When using a client-to-site VPN, a VPN client is installed on the teleworker’s computers, and a VPN firewall is configured on the corporate network to access inbound VPN connections and apply policies to the authorized users. When the user wants to access resources on the corporate network, the user launches the VPN client and enters their user credentials, such as a username and password, to authenticate to the VPN firewall on the company’s network. This type of VPN establishes a secure tunnel between the user’s computer and the firewall over the internet.

The following screenshot shows the simplified user interface of the Cisco AnyConnect Secure Mobility Client on a user’s computer:

Figure 16.12 – VPN client user interface

Typically, VPN clients allow a user to select a pre-configured profile that contains the details needed to establish a connection to the firewall over the internet. The user simply needs to enter their credentials and connect.

Network professionals can configure client-to-site VPNs to operate in one of the following modes on the user’s device:

• Full tunnel: This allows outbound traffic from the teleworker’s computer to be sent through the VPN tunnel. Therefore, if the user wants to access a resource on the internet, the traffic is routed through the VPN tunnel to the corporate firewall, then out to the internet, and vice versa. This mode is not recommended for remote workers because the corporate firewall applies policies to both inbound and outbound traffic, which has the potential to restrict the teleworker from accessing various websites.
• Split tunnel: If the teleworker has to access a resource on the corporate network, the VPN client ensures the traffic is routed through the VPN tunnel, while all other traffic is routed directly through the internet.

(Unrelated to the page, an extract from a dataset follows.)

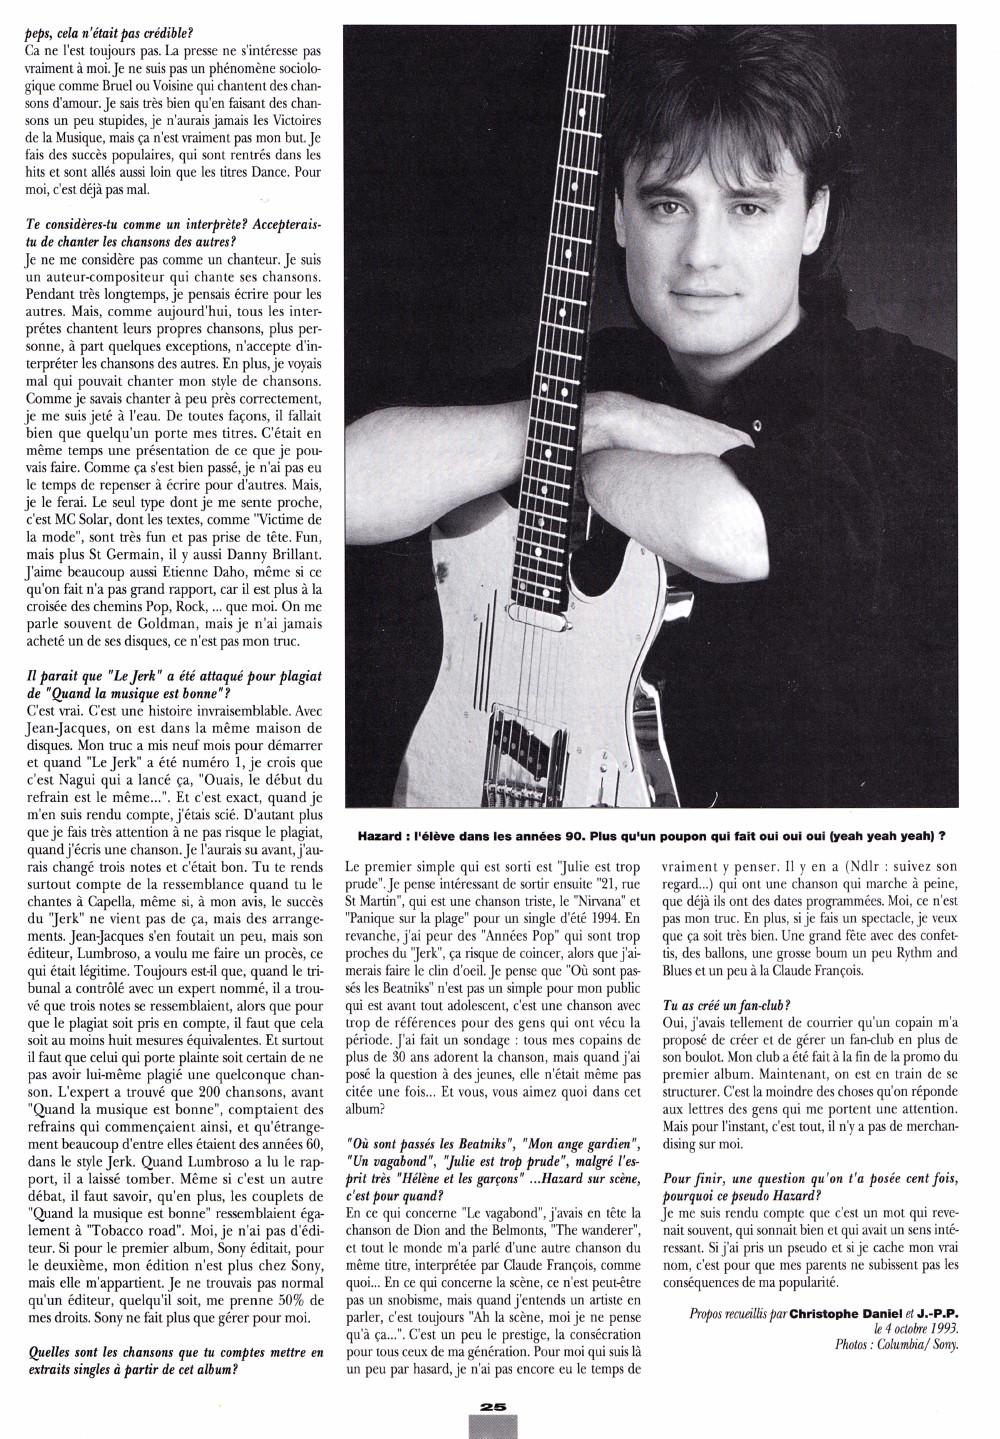 """THIERRY HAZARD (G.P.S., """"Le jerk"""") : interview 1993 dans """"Platine"""" (par Christophe Daniel & Jean-Pierre Pasqualini) 16011111430220773813888361"""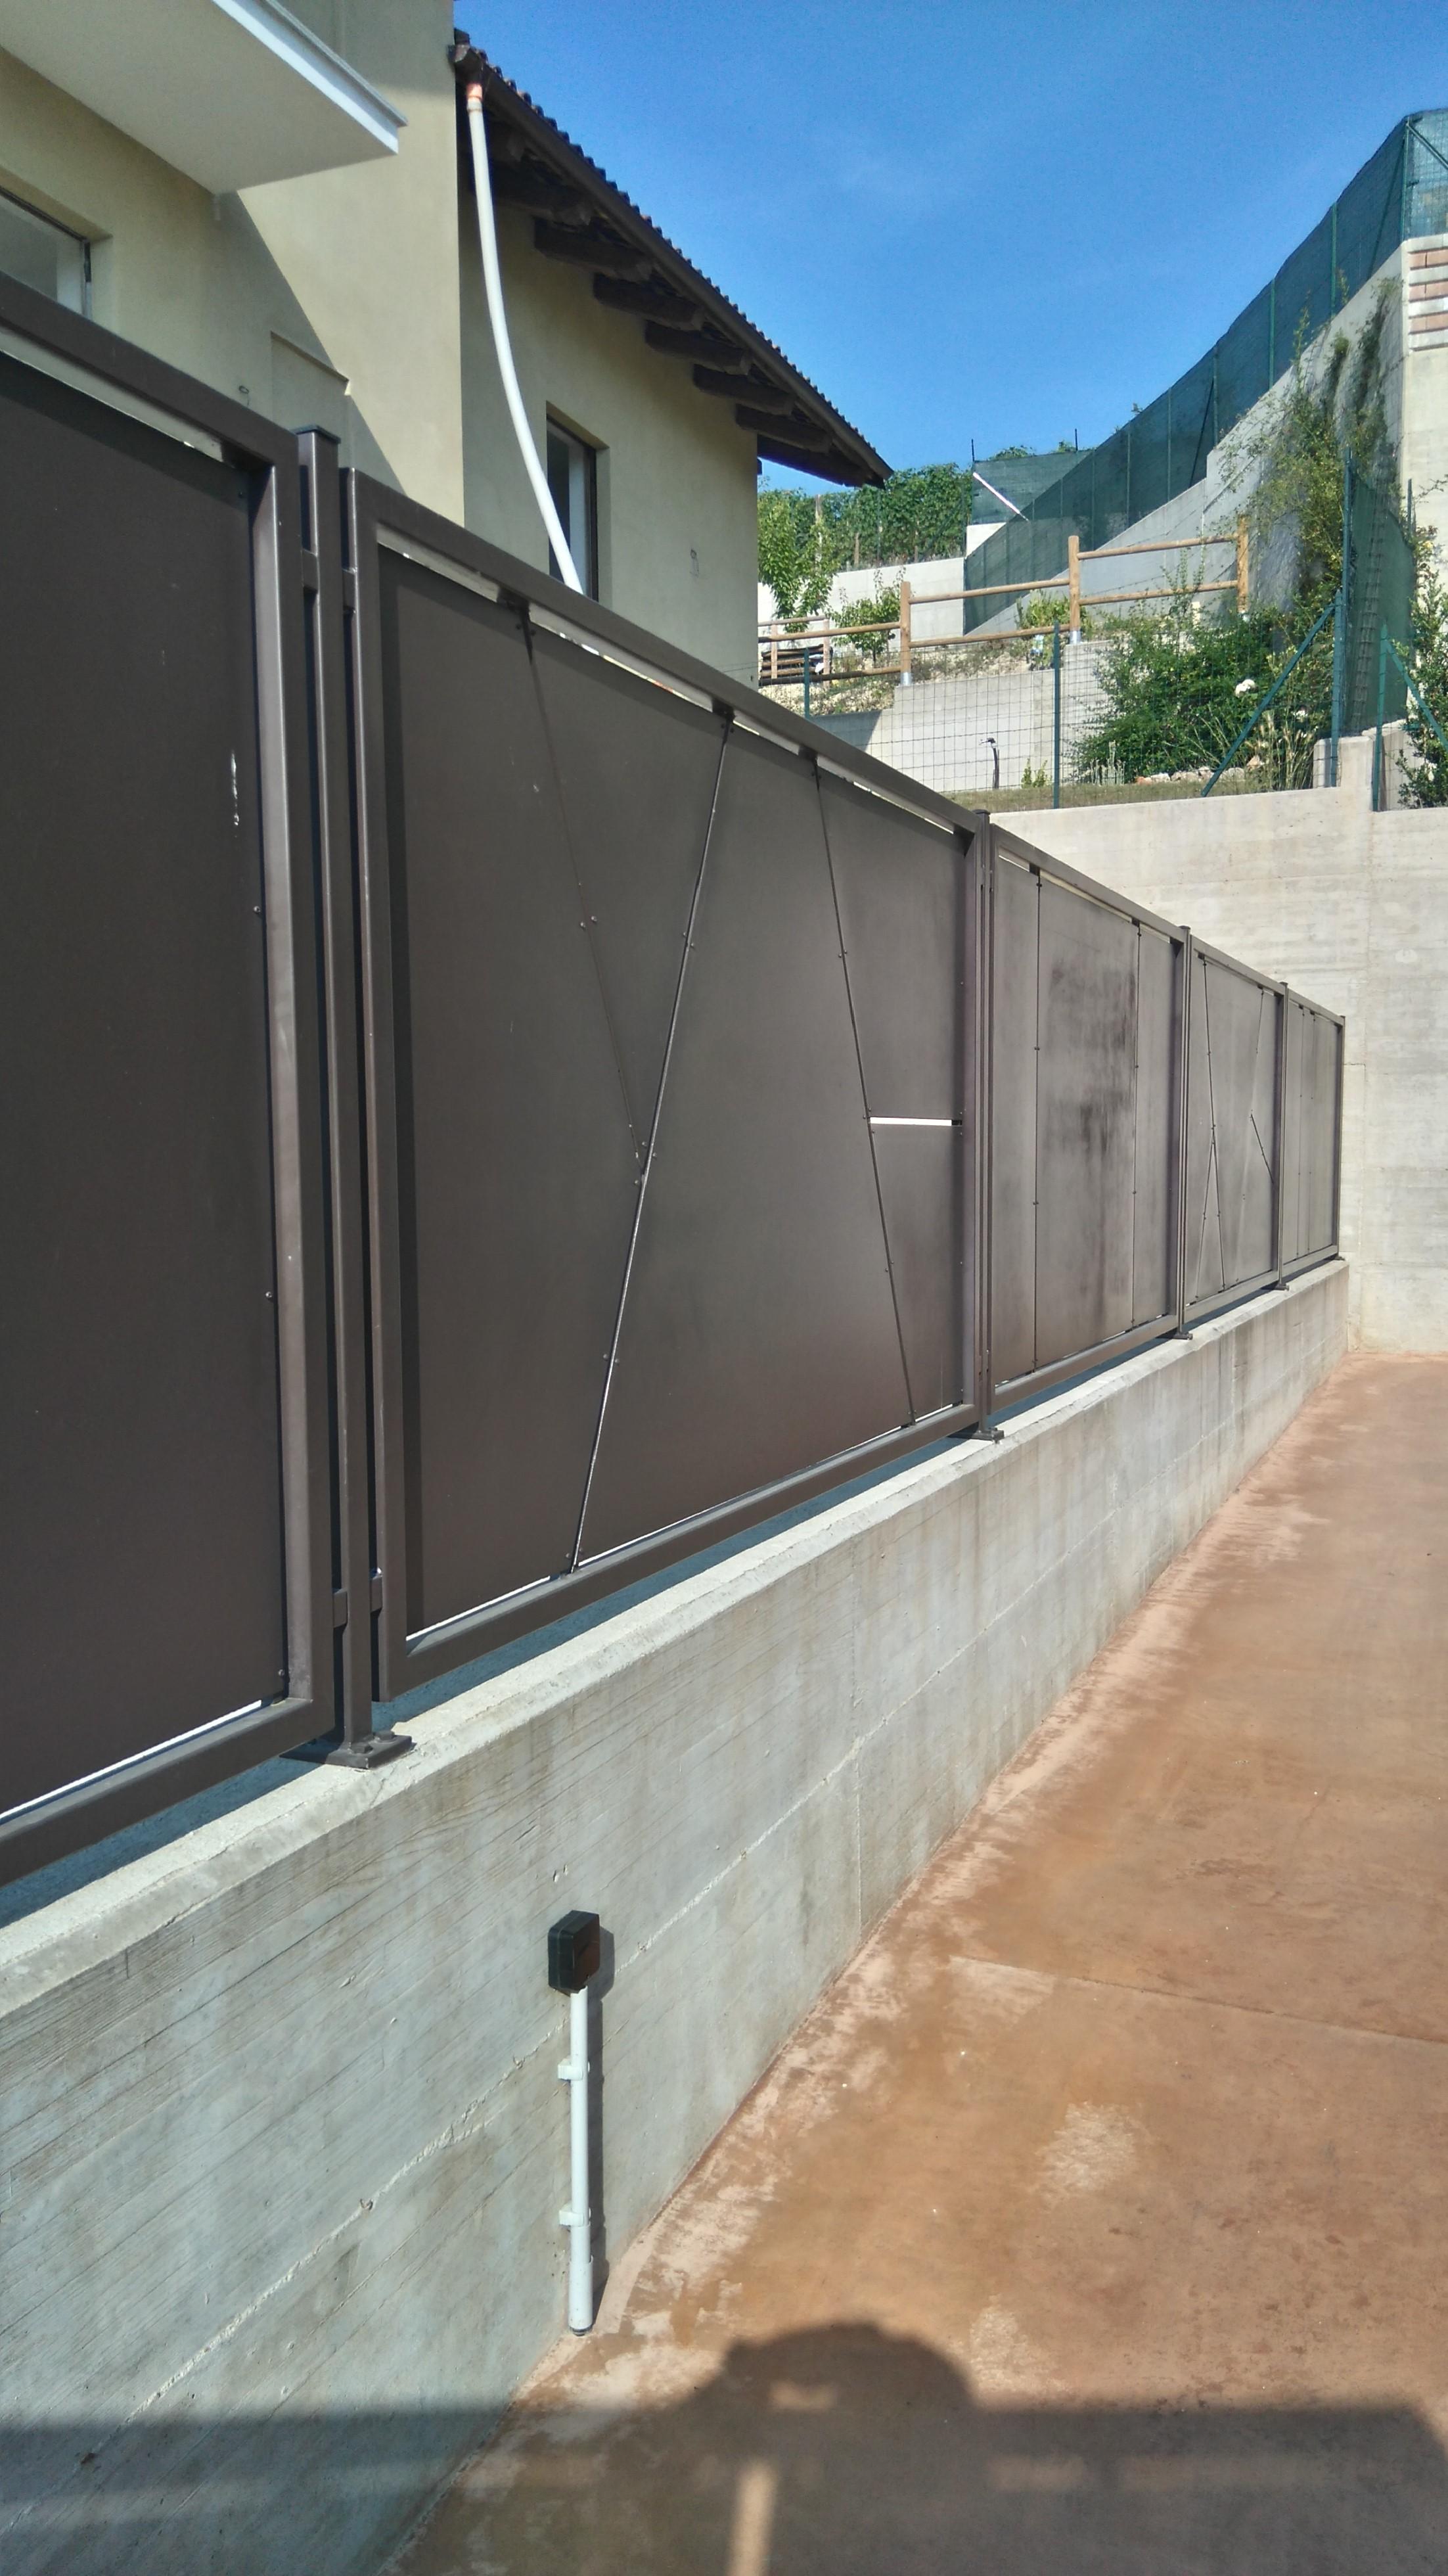 Pannelli divisori abitazione privata emsign studio di enrico marchiaro interior designer - Pannelli divisori design ...

A clientless VPN is a type of VPN solution that does not require a VPN client on the teleworker’s computer. This type of VPN allows the teleworker to log in via a web portal using a standard web browser to access the company’s resources. A clientless VPN provides data encryption using TLS over an HTTPS connection between the client’s web browser and the firewall. This type of VPN is suitable for providing users with quick and easy access to resources that can be embedded into a web portal.

Remote access methods

As an aspiring network professional, you will need to remotely connect and access systems over your network. Various in-band management methods allow an IT professional to securely access a system over a network, some of which are as follows:

• Remote desktop connection: The Microsoft Windows operating system uses the Remote Desktop Protocol (RDP), which allows IT professionals to establish a remote desktop connection between their computer and the destination system. On a remote desktop connection, the IT professionals will see a graphical user interface of the destination system as if they’re right there, allowing them to remotely control the system.
• Virtual Network Computing (VNC): VNC is a common remote access method that uses the Remote Frame Buffer (RFB) protocol. It is commonly used by IT professionals for its wide support on many operating systems and being mostly open source to users. VNC allows IT professionals to share the desktop experience and control the system remotely over a network.
• Remote desktop gateway: Within large organizations, IT professionals commonly implement a remote desktop gateway, which allows a user to secure access to RDP-enabled servers from outside the organization’s network. For instance, let’s say there’s an IT professional who is working from home and securely connects to the remote desktop gateway using an SSL or TLS tunnel. Once connected to the remote desktop gateway, the IT professional will be able to use RDP to connect to any internal RDP-enabled server.
• Secure Shell (SSH): SSH allows IT professionals to securely connect to a remote device using the Terminal. SSH is a secure protocol that provides terminal access to remote systems. This differs from Telnet, which is unsecure and does not encrypt data between the source and destination.
• Virtual Desktop Infrastructure (VDI): After setting up a virtual machine within a data center or on the cloud, the user can connect to a pre-built desktop environment, allowing the user to interact with the desktop environment from any device, such as a mobile device with a web browser. The connection between the mobile device and the VDI on the cloud uses a secure connection such as SSH or TLS with HTTPS.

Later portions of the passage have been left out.